POST POLL — Taking toddlers, babies to Mass: what works?

How can we make our parish Masses more welcoming for families with small children? We’re interested in hearing voices of experience in the Diocese of Peoria.

Are cry rooms the best solution? Is more sensitivity needed on the part of the assembly at Mass, or from parents who are slow to take out a noisy baby? We’d especially like to hear from parents regarding what works, or doesn’t, for them.

Share your thoughts with members of the diocesan family by sending an e-mail to cathpost@cdop.org with “Post Poll” in the subject line. Be sure to include your name and parish name. Responses will appear here as they are received, and selected ones may appear in a future issue of The Catholic Post.

Responses to other recent Post Polls are found at the bottom of this page.

NO CRYING BABIES? THAT WOULD BE A PROBLEM!

Dear Members of our Diocesan Family,

We don’t have a problem when we hear babies cry during Mass. When we do quit hearing babies cry during Mass, then we do have a problem. (Let me know if you can’t figure out why and I will explain it to you.)

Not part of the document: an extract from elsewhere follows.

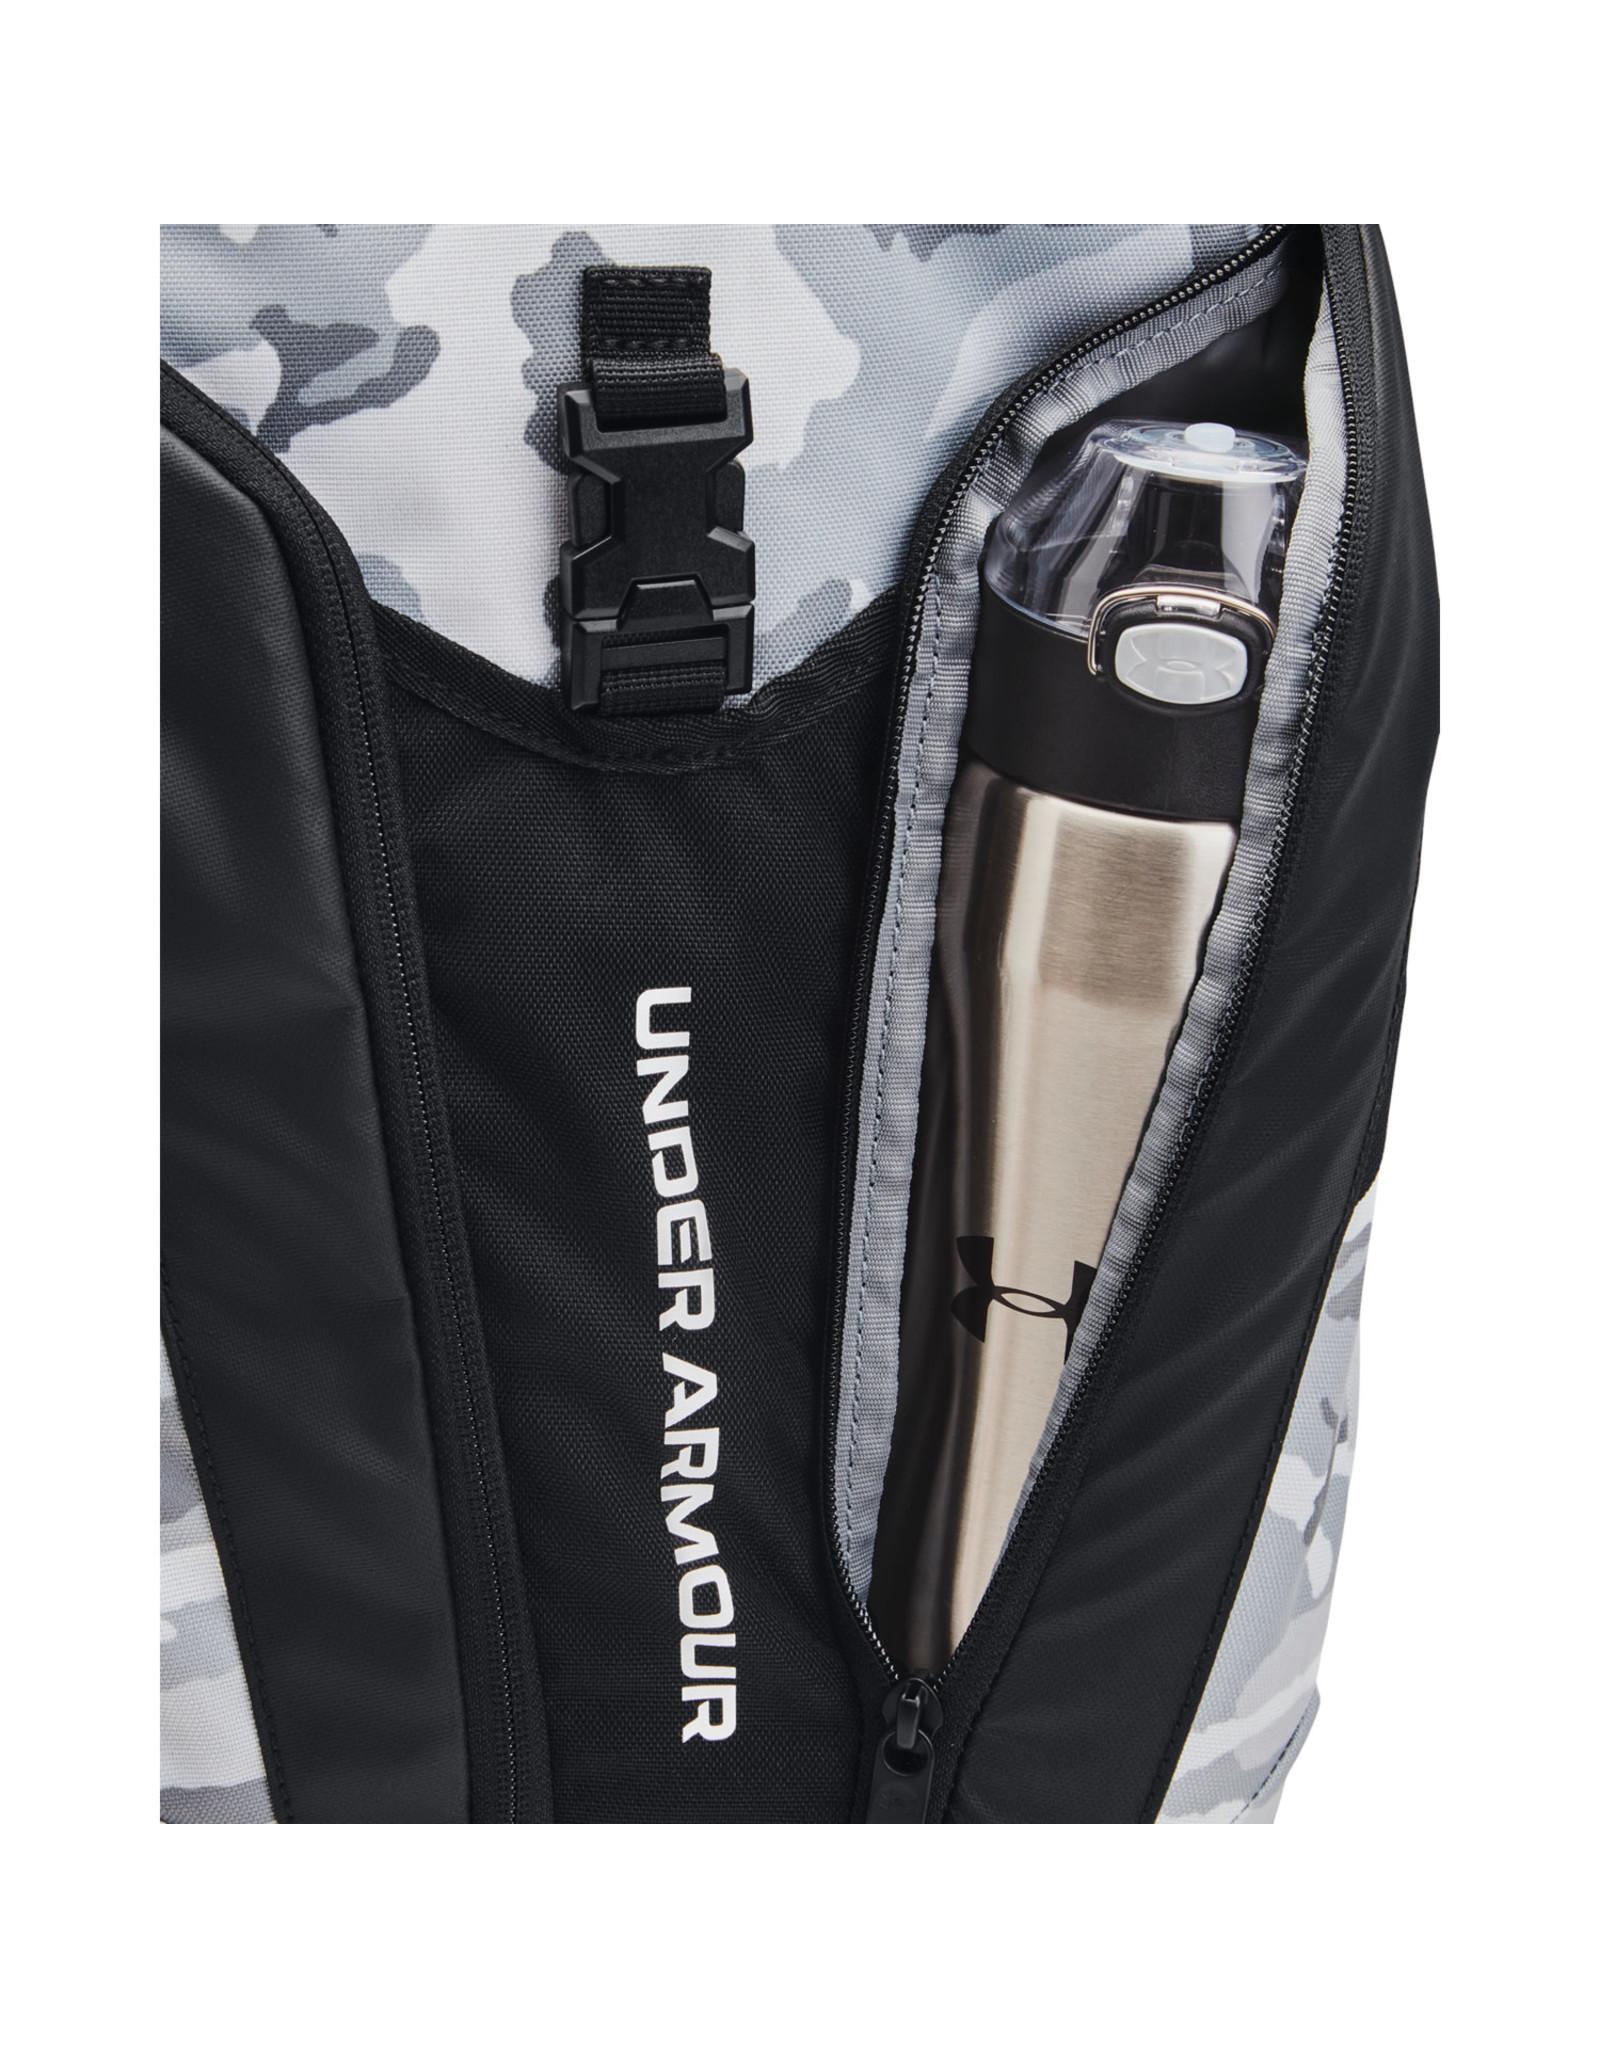 Under Armour UA Hustle Pro Backpack-White

I think families should attend Mass as a family, including their babies. Yes, sometimes they cry and make a disturbance, but then so do people who have a cold and cough a lot. In my experience, people of my age (I’m a grandpa) usually try to make the mom and dad at ease with their crying child and are quite supportive of the moms and dads. Those who feel that the crying bothers them are selfish. It also has been my experience that when a child does become unruly or is crying very loud and disturbing that the mom and dad are embarrassed and take the child into the vestibule or whatever is appropriate in a particular church.

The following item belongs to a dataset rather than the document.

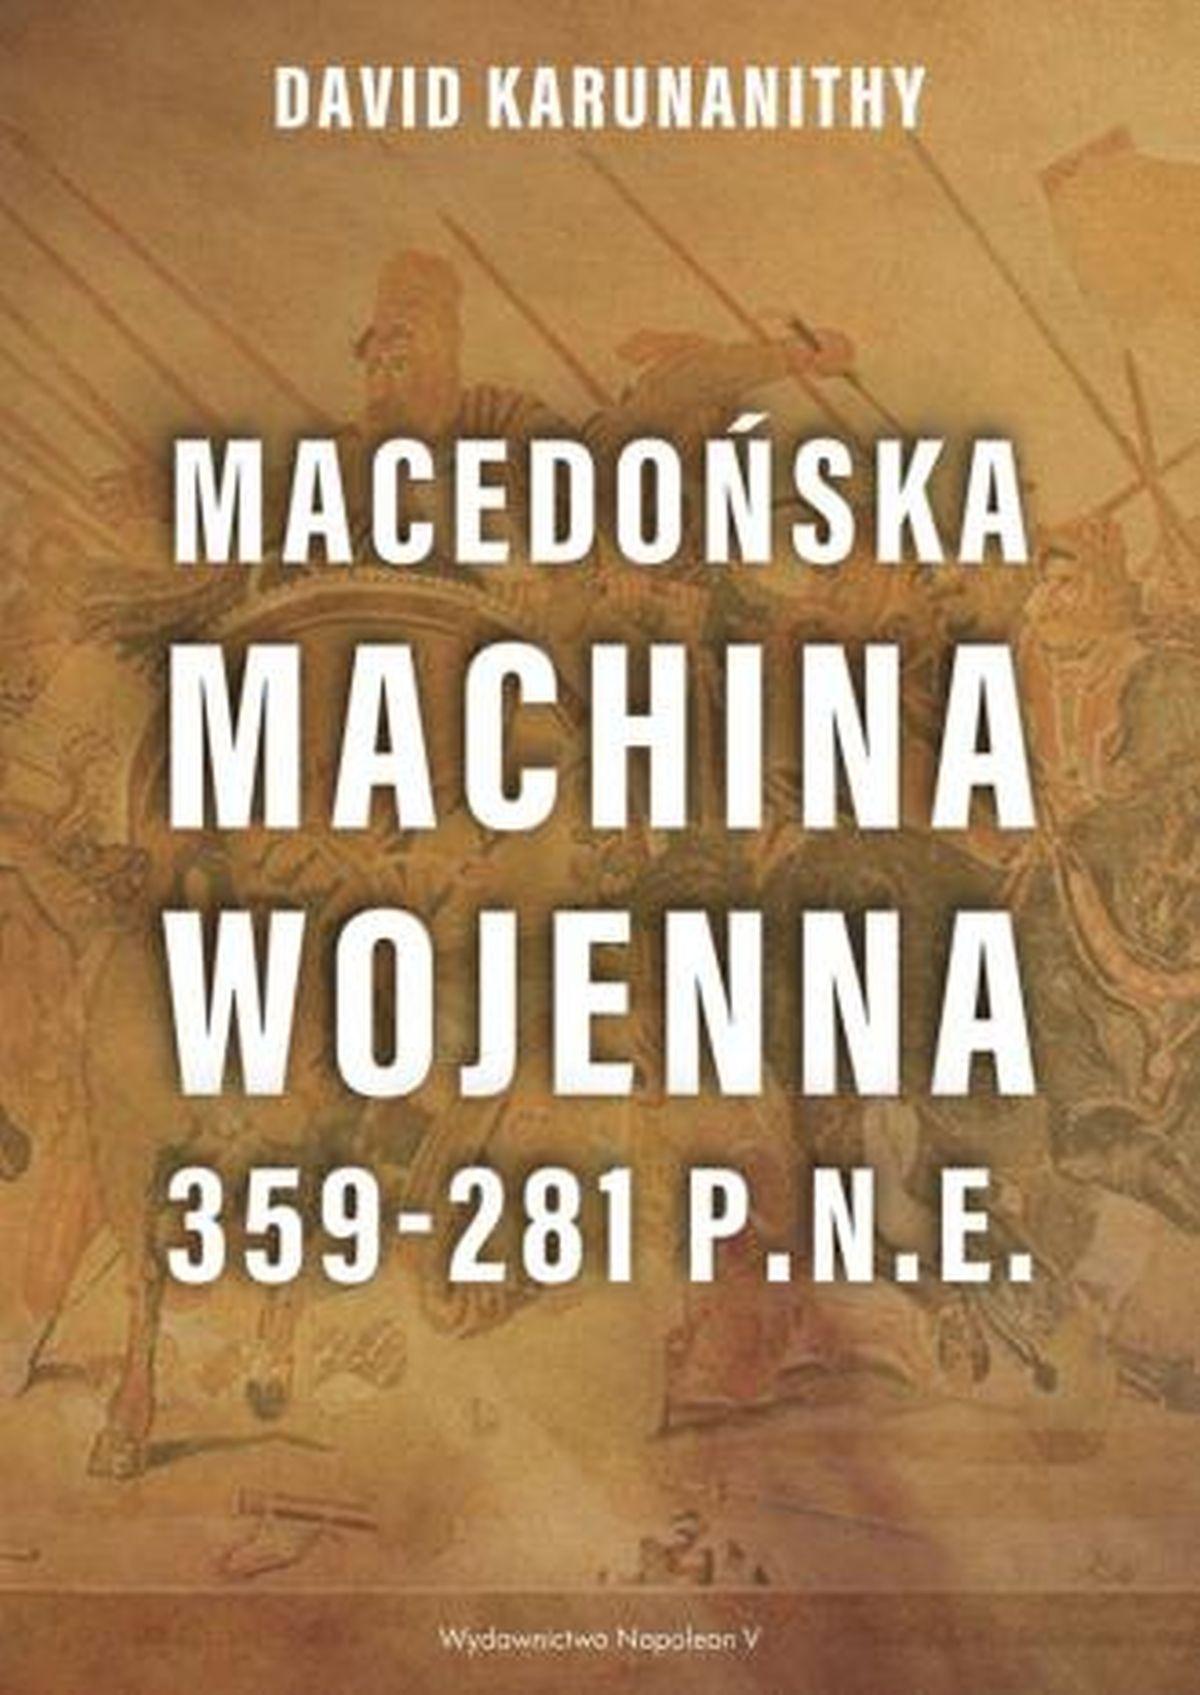 David Karunanithy, Macedońska machina wojenna 359-281 p.n.e.

I really don’t see crying children as a problem in church. My wife and I had nine children and, yes, there were times when we had a child who cried too long and we were embarrassed and one of us had to take the child out into the vestibule. But this was rare and we always felt that we were supported by others around us. And no one ever told us that our child was a disturbance to the liturgy.

Take the babies to church.

Dr. Edmund Andracki
Westville

DON’T BRING BACK CRY ROOMS

I certainly hope churches will NOT start reinstating “cry rooms.”
When we moved back to our home parish after 20 years elsewhere, we
were dismayed to hear the tales of moms who didn’t like the “cry
room.” The same parents who never thought of taking their screaming
child out for a few minutes allowed their kids to run and play all
through Mass, making it impossible for anyone in the room to pray or
follow what was going on.

We have a number of families with very small kids who bring them
to church each Sunday, and if they just pay attention when a squabble
starts, or offer some Cheerios or other item to eat if the child seems
to be hungry, they are usually able to get through Mass without
bothering anyone.

They also pick up the unhappy child, and if that doesn’t work,
they go out for a bit and calm him/her down. As long as the mother
and father both take the kids, and both are willing to take care of
problems, the problems are few.

It also helps if people sitting behind them smile at the
child, include him in the gesture of peace, and give back anything
that rolls under the pew. Scowling and crabbing about crying babies
is foolish, and only makes things worse.

Betty Sullivan
Bradford

A FEW MINUTES OF PREPARATION GO A LONG WAY

How can we make our parish Masses more welcoming for parents with small children? I wonder about that nearly every time I go to Mass and find my concentration suddenly shattered by the shriek of a bored toddler, or when I find myself cupping my hand around my ear in an attempt to hear at least part of Monsignor’s homily.

I was once one of those parents with the screaming children, and hopefully my tips will be considered constructive.

While it is important to make attendance at Mass a family activity, when the child or children are too small to understand the message or the ritual, the message is not only lost on the parent who has to juggle the child throughout Mass, but all those sitting around the young family, watching the struggle and hearing the protests. When the child is a baby or young toddler, the experience would be happier for all if the parents attended different Masses, leaving the baby home with the other parent. It seems all would win in this scenario–the baby can stay home with a calm parent who isn’t worried about the behavior that the baby can’t control, and the parent at church can concentrate on the message and the Mass, gaining a more satisfying spiritual experience. Since most parishes have multiple Masses every weekend, with just a little planning attending Mass separately should be possible.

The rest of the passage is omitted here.